In this tutorial, the source data have been deliberately made worse to illustrate commonly-occuring challenges. These are problems we regularly experience, just not always in one spreadsheet.
Our source contains the following:
- Dates stored as US-formatted strings (
"MM/DD/YYYY"
) - Numbers stored as currency strings (
"£45,234.0"
) - Misaligned fields (there are four tax relief types, but we only have relief amounts for three of these)
We will use whyqd (/wɪkɪd/) to transform the data into our schema, and then pandas
to convert our array values into
a long-form table, using explode
:
DataFrame.explode(column, ignore_index=False)
Strategy¶
Strategy
Our source data are in a wide format, meaning that values we would like to be in a single column are provided in
columns in the source. There's a number of ways we can go about pivoting from wide to long, and here we will
assemble an array of values, and then explode
these fields afterwards. We must be very careful to ensure
that the sequence of each array corresponds so that terms on one array refer to the term at the same position in
another.
Our source data also include some peculiar data type formatting which can be very stubborn to correct. These include
numbers formatted as currency strings. As example, "£45,234.0"
where the £
and ,
are not stylistic but present
in the "number". Most programs will see this as text. Adding "£45,234.0"
to "£45,234.0"
will get you
"£45,234.0£45,234.0"
, not "£90,468.0"
.
We also have to deal with American date formats. Americans are the only country in the world to use this format, and
it causes incredible headaches. How should your program interpret something like 1\04\03
? Any of these terms can be
any of a month, day or year. There is no way to algorithmically determine this. You - as the data curator - will need
to make a format decision.
Software can speed up, simplify and make transparent any curation decisions you make, but it cannot replace the insight which a data owner brings to bear. Don't leave these decisions to the software.
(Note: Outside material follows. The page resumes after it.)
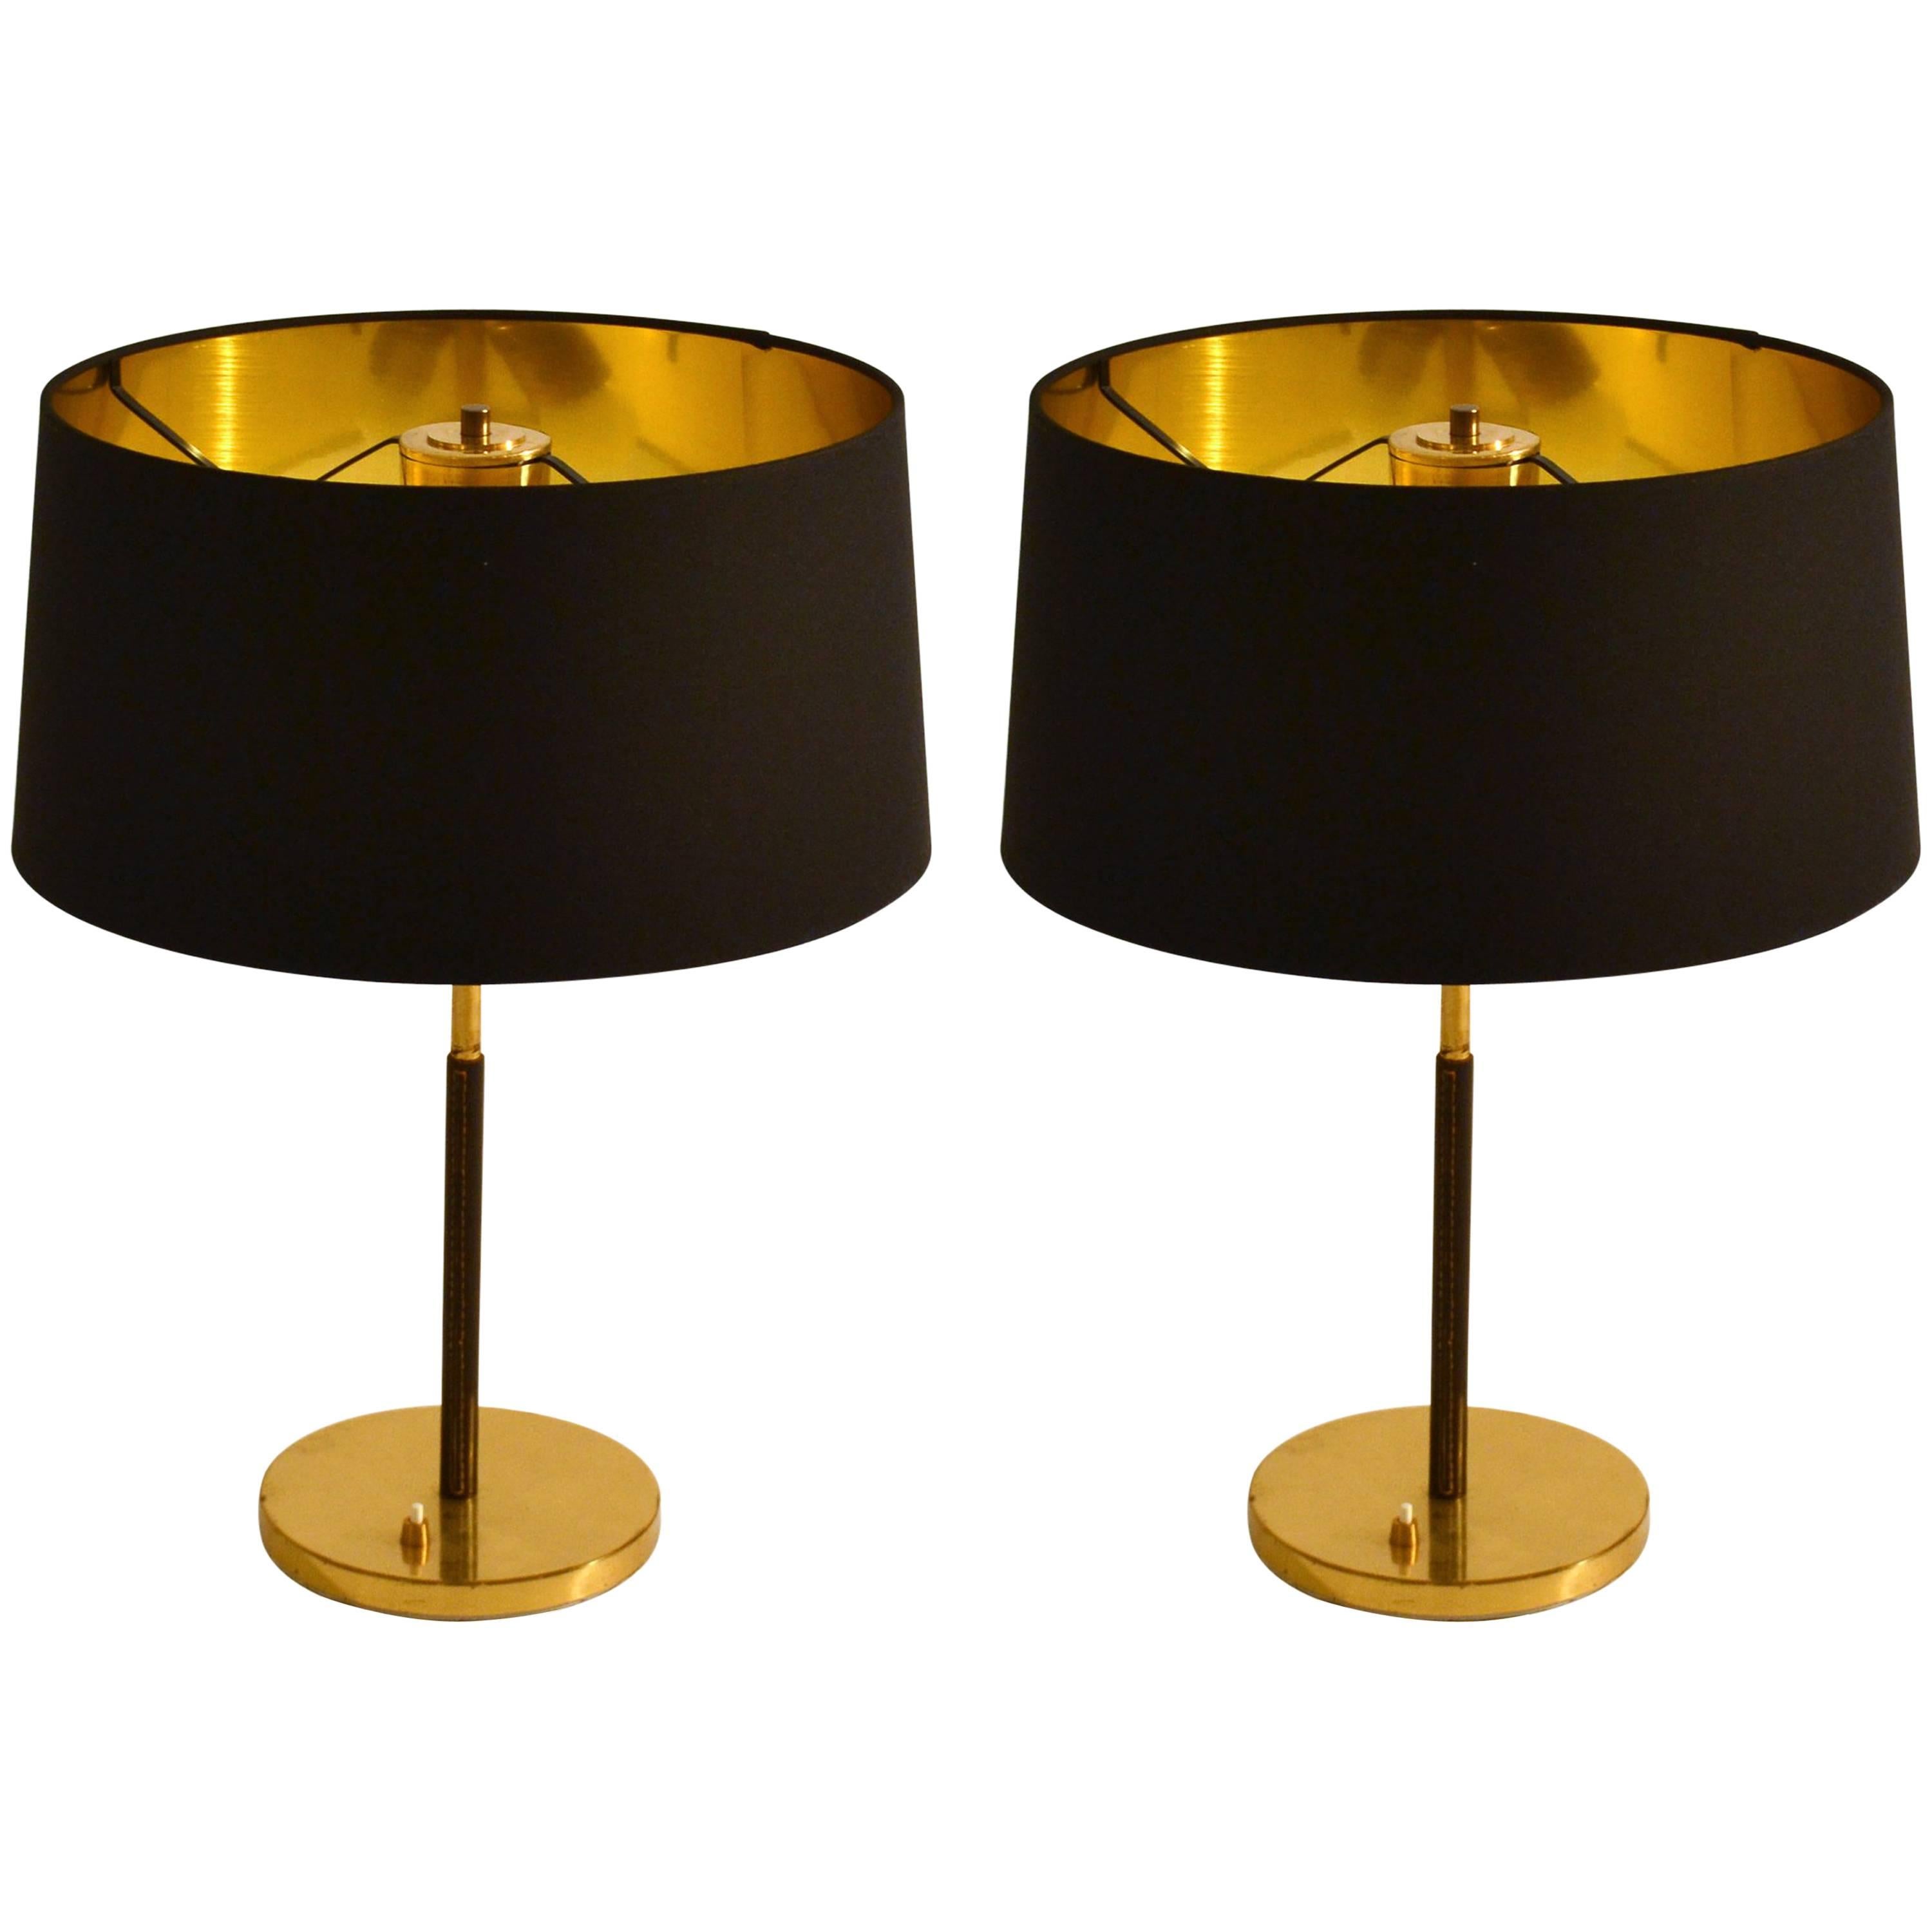 1950s Pair of Minimal Black and Gold Table Lamps by Kalmar

Define a destination schema¶
We want our destination data to conform to the following structure:
la_code | ba_ref | occupant_name | postcode | occupation_state | occupation_state_date | prop_ba_rates | occupation_state_reliefs |
---|---|---|---|---|---|---|---|
E07000066 | 177500080710 | A company | PO5 2SE | True | 2019-04-01 | [98530, None, 1234, None] | [small_business, None, retail, None] |
We're going to reuse the schema we developed in the first tutorial but make sure that the dtype
is an array
so we can assemble our destination data:
import whyqd as qd
schema_destination = qd.SchemaDefinition()
schema_destination.set(schema=SCHEMA_DESTINATION)
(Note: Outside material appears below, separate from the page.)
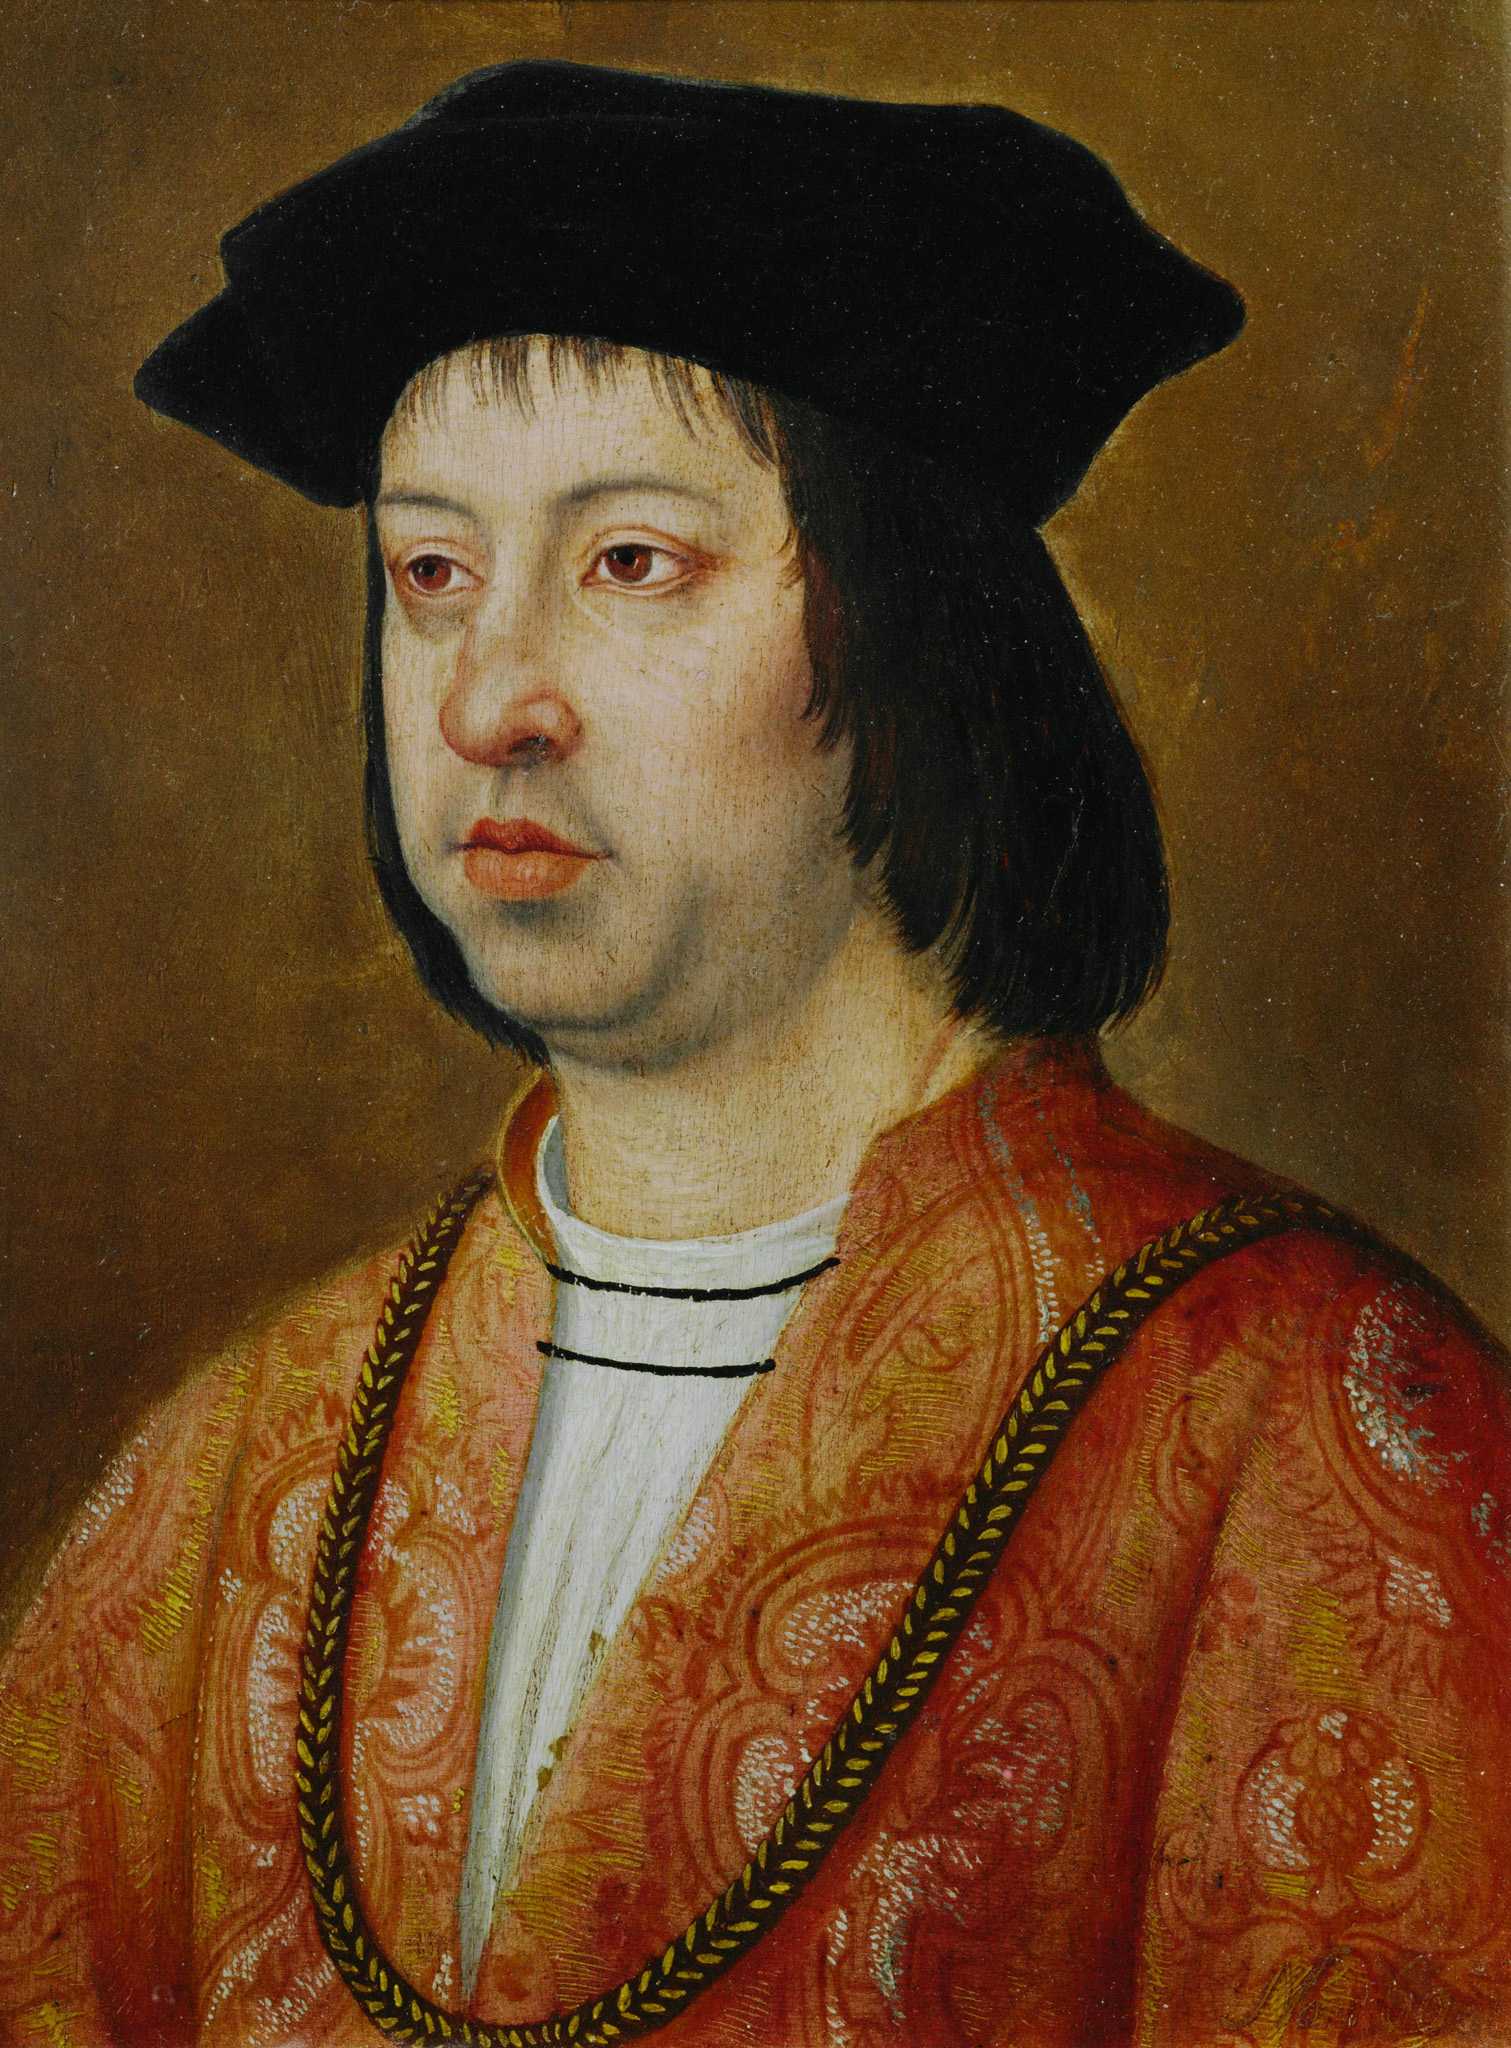 A painted portrait of King Ferdinand of Spain. He is wearing an orange tunic with a white undershirt.

for field in schema_destination.fields.get_all():
if field.name in ["occupation_state_reliefs", "prop_ba_rates"]:
field.dtype = "array"
This is our curation foundation for this tutorial and we can save it, ensuring citation and version control.
Set DIRECTORY
, FILENAME
and CREATOR
as per your requirements.
schema_destination.save(directory=DIRECTORY, filename=FILENAME, created_by=CREATOR)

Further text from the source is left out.